#### Supplied information
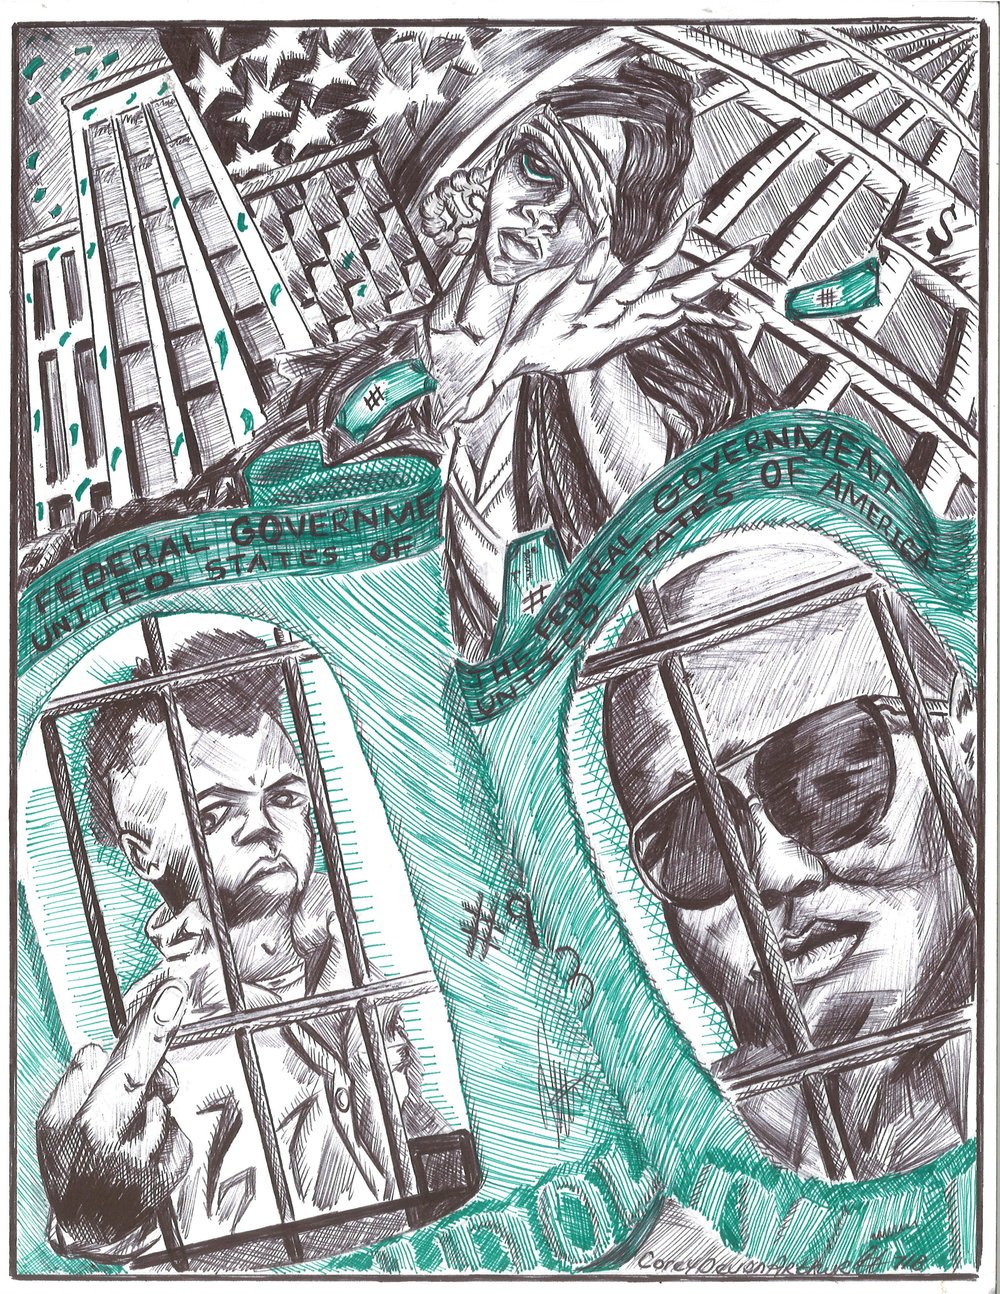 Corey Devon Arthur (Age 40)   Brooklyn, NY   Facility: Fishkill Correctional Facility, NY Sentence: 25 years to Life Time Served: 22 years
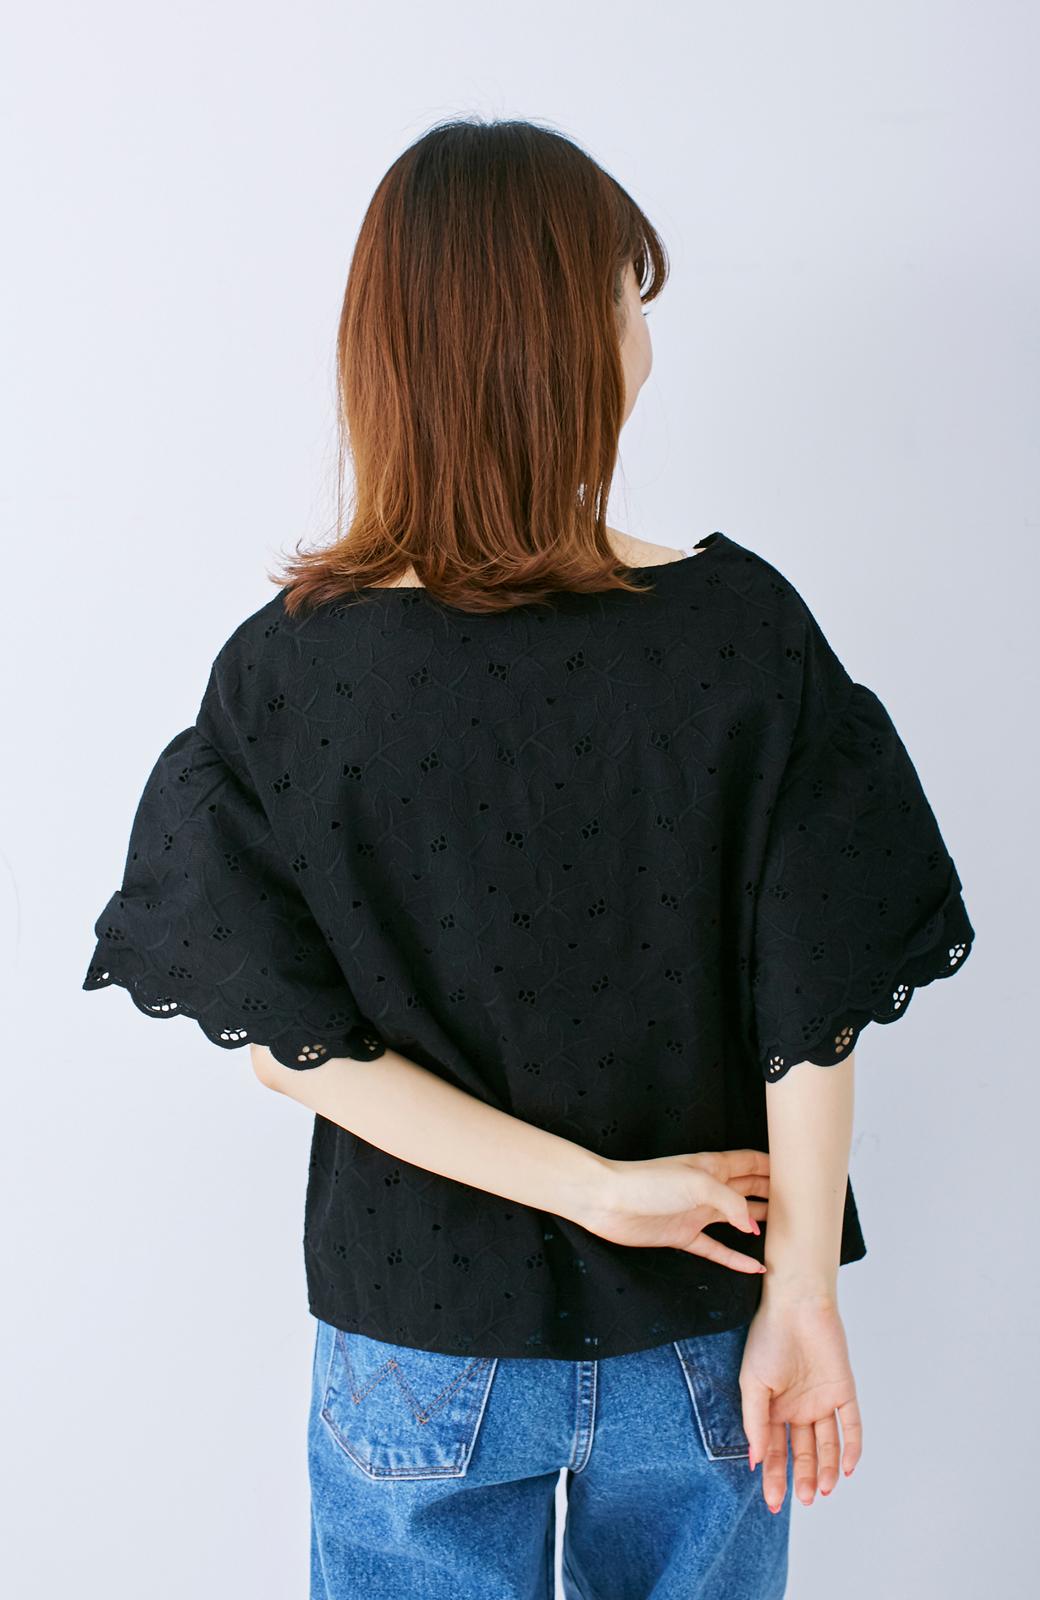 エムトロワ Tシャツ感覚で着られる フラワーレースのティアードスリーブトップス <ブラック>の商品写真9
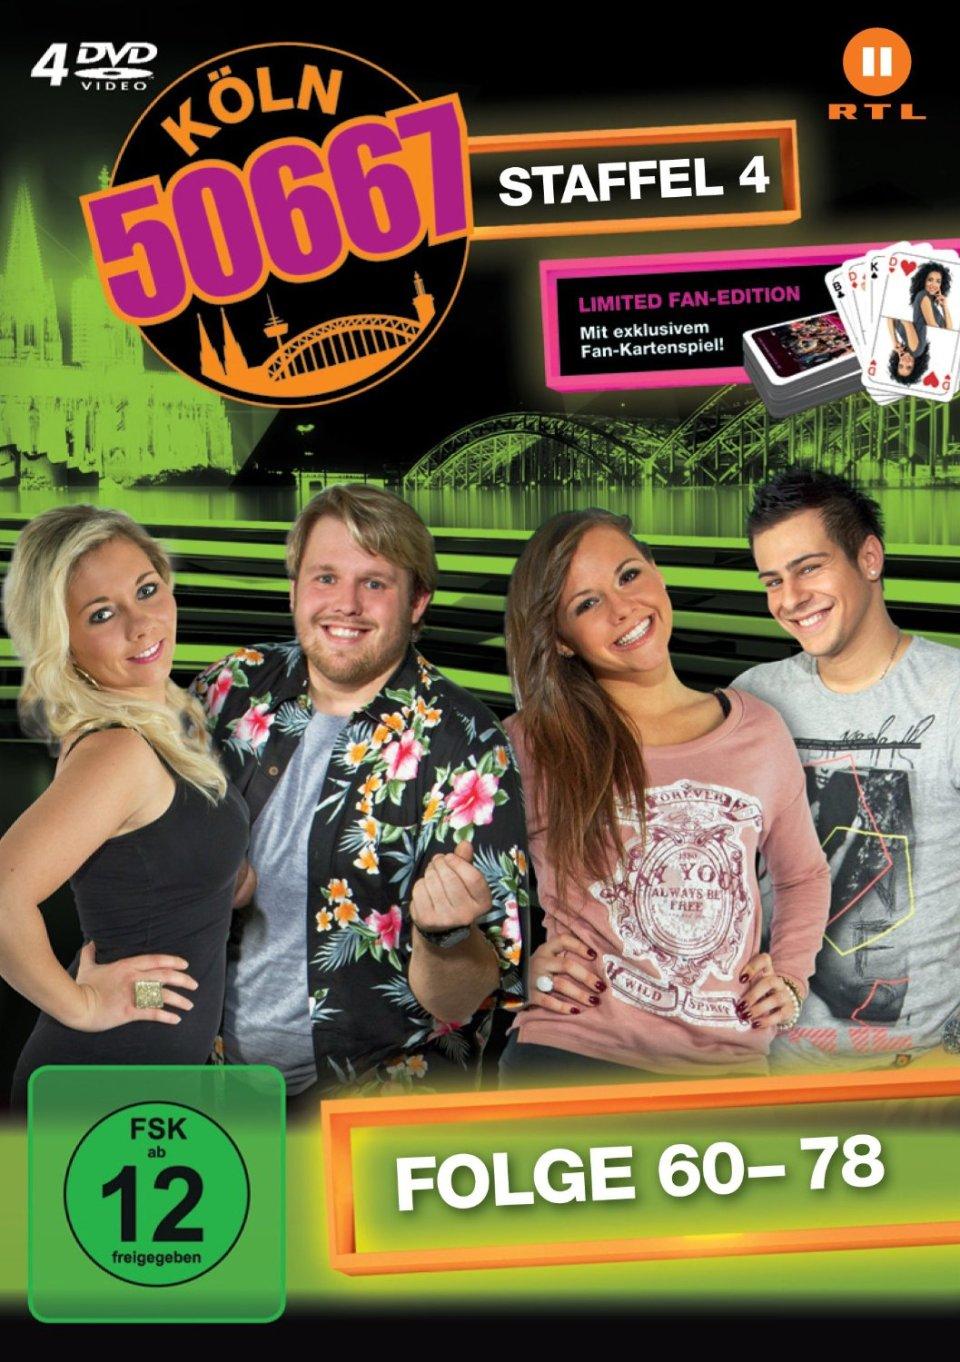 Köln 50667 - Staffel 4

#### Task requirements
Give back the material above exactly, with each picture removed.

#### Problem solution
 Corey Devon Arthur (Age 40)   Brooklyn, NY   Facility: Fishkill Correctional Facility, NY Sentence: 25 years to Life Time Served: 22 years
 エムトロワ Tシャツ感覚で着られる フラワーレースのティアードスリーブトップス <ブラック>の商品写真9
 Köln 50667 - Staffel 4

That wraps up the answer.